TASK INPUTS:
********

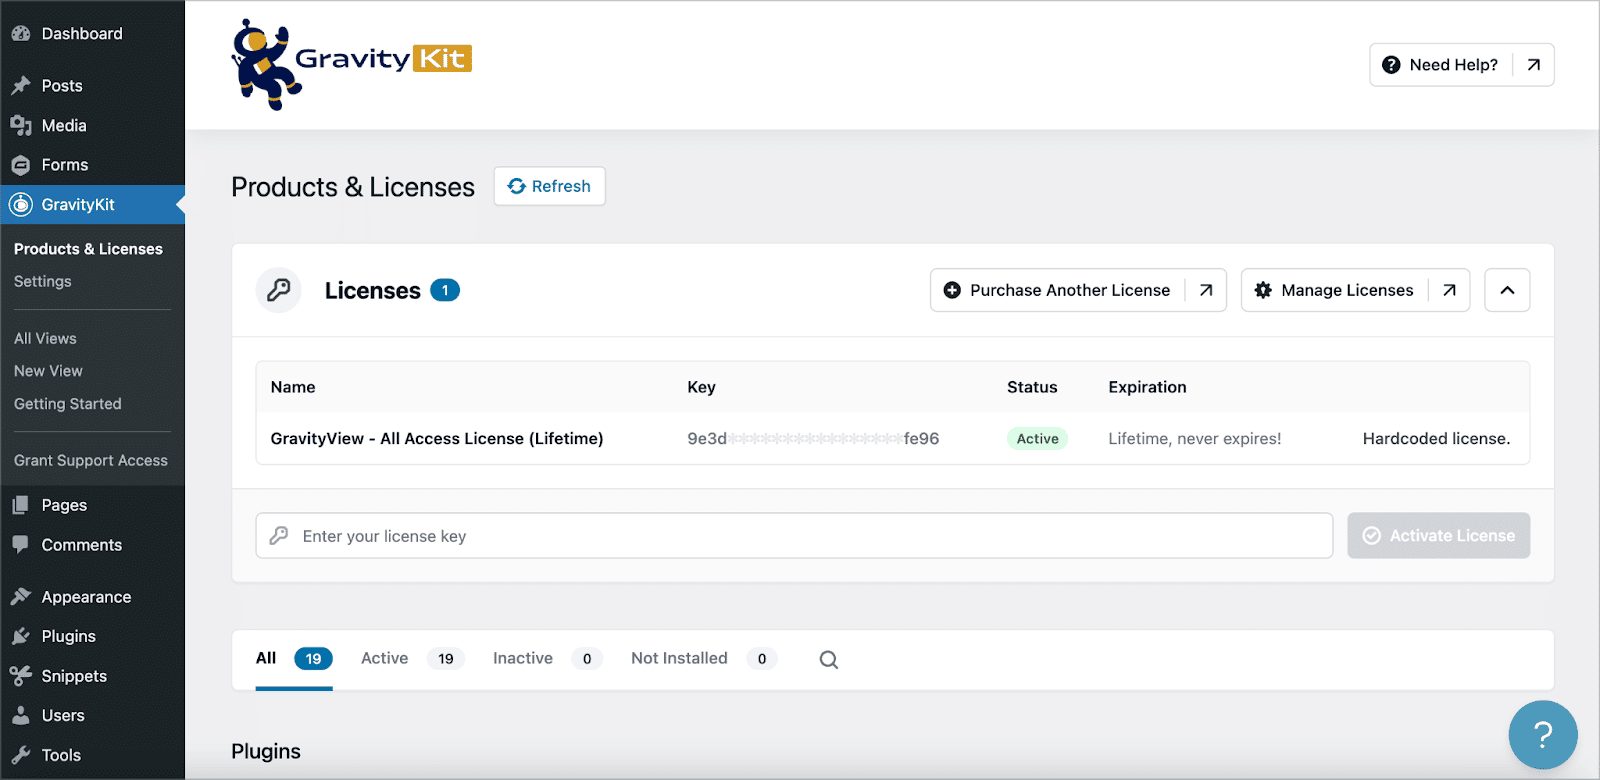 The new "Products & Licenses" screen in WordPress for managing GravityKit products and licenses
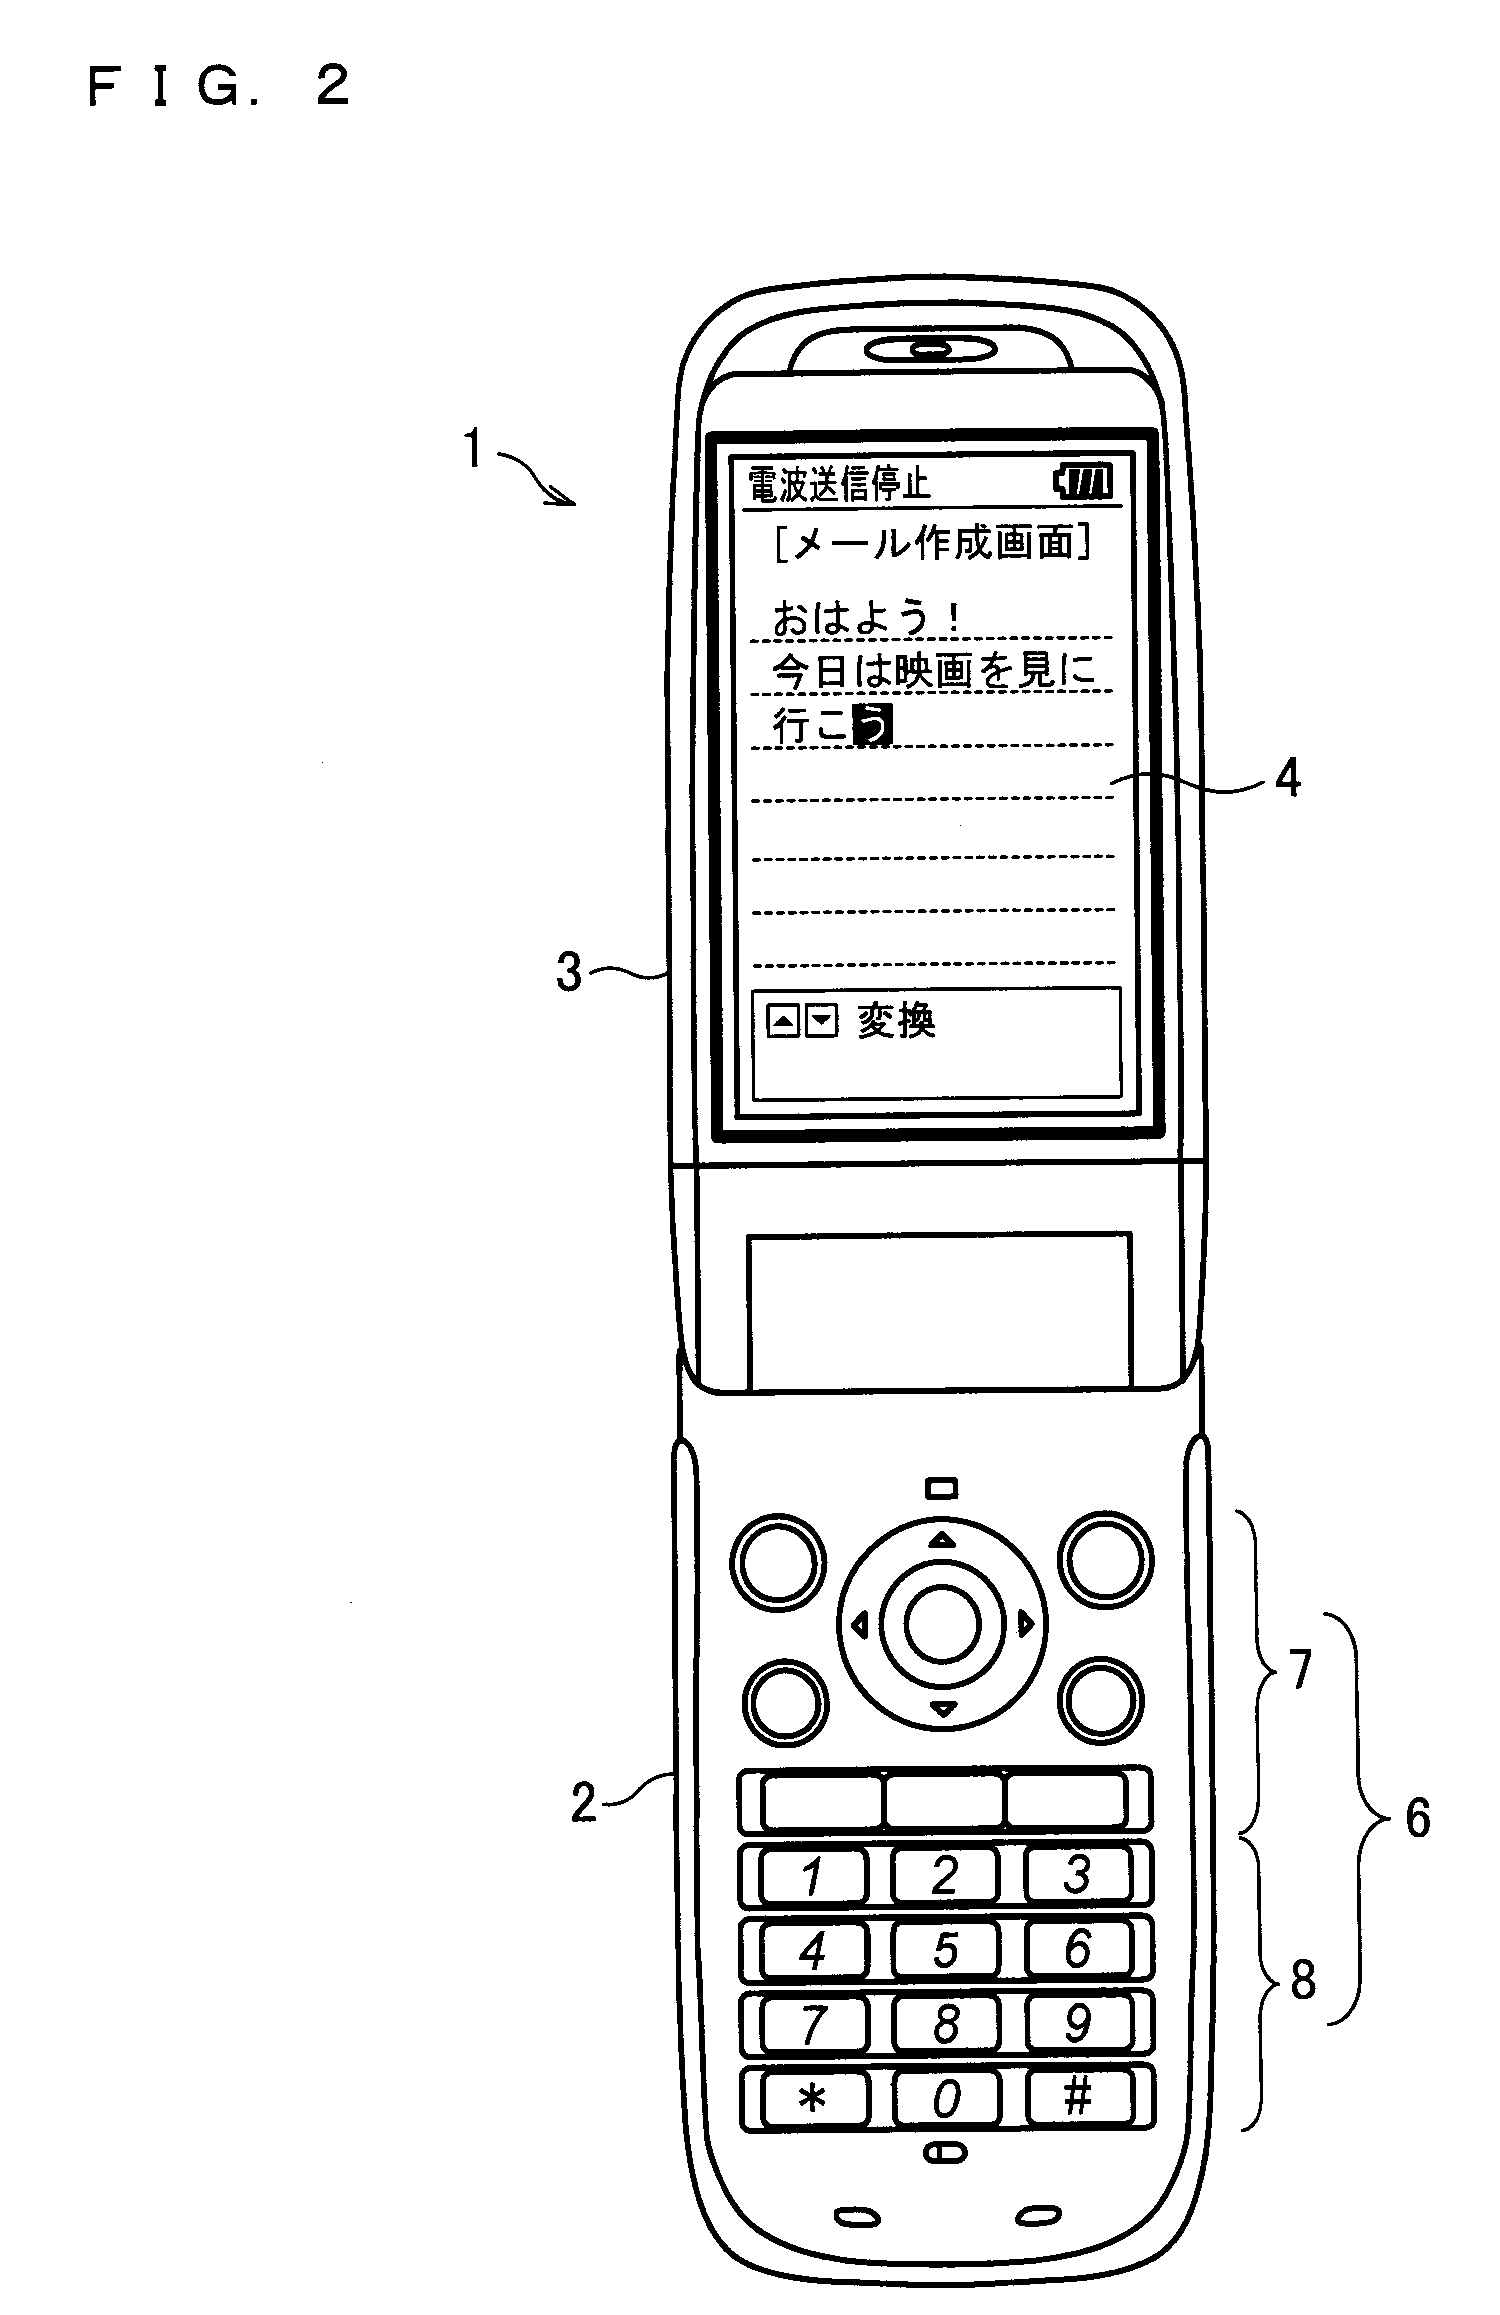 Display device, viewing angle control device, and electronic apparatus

********

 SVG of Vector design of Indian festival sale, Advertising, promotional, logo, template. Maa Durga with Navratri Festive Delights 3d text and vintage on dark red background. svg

********

WORK ORDER: What you return must match the lines above from the one with "products and licenses" through the one with "Display device, viewing" exactly, with both ends included and the pictures excluded.

ANSWER TO THIS PROBLEM:
 The new "Products & Licenses" screen in WordPress for managing GravityKit products and licenses
 Display device, viewing angle control device, and electronic apparatus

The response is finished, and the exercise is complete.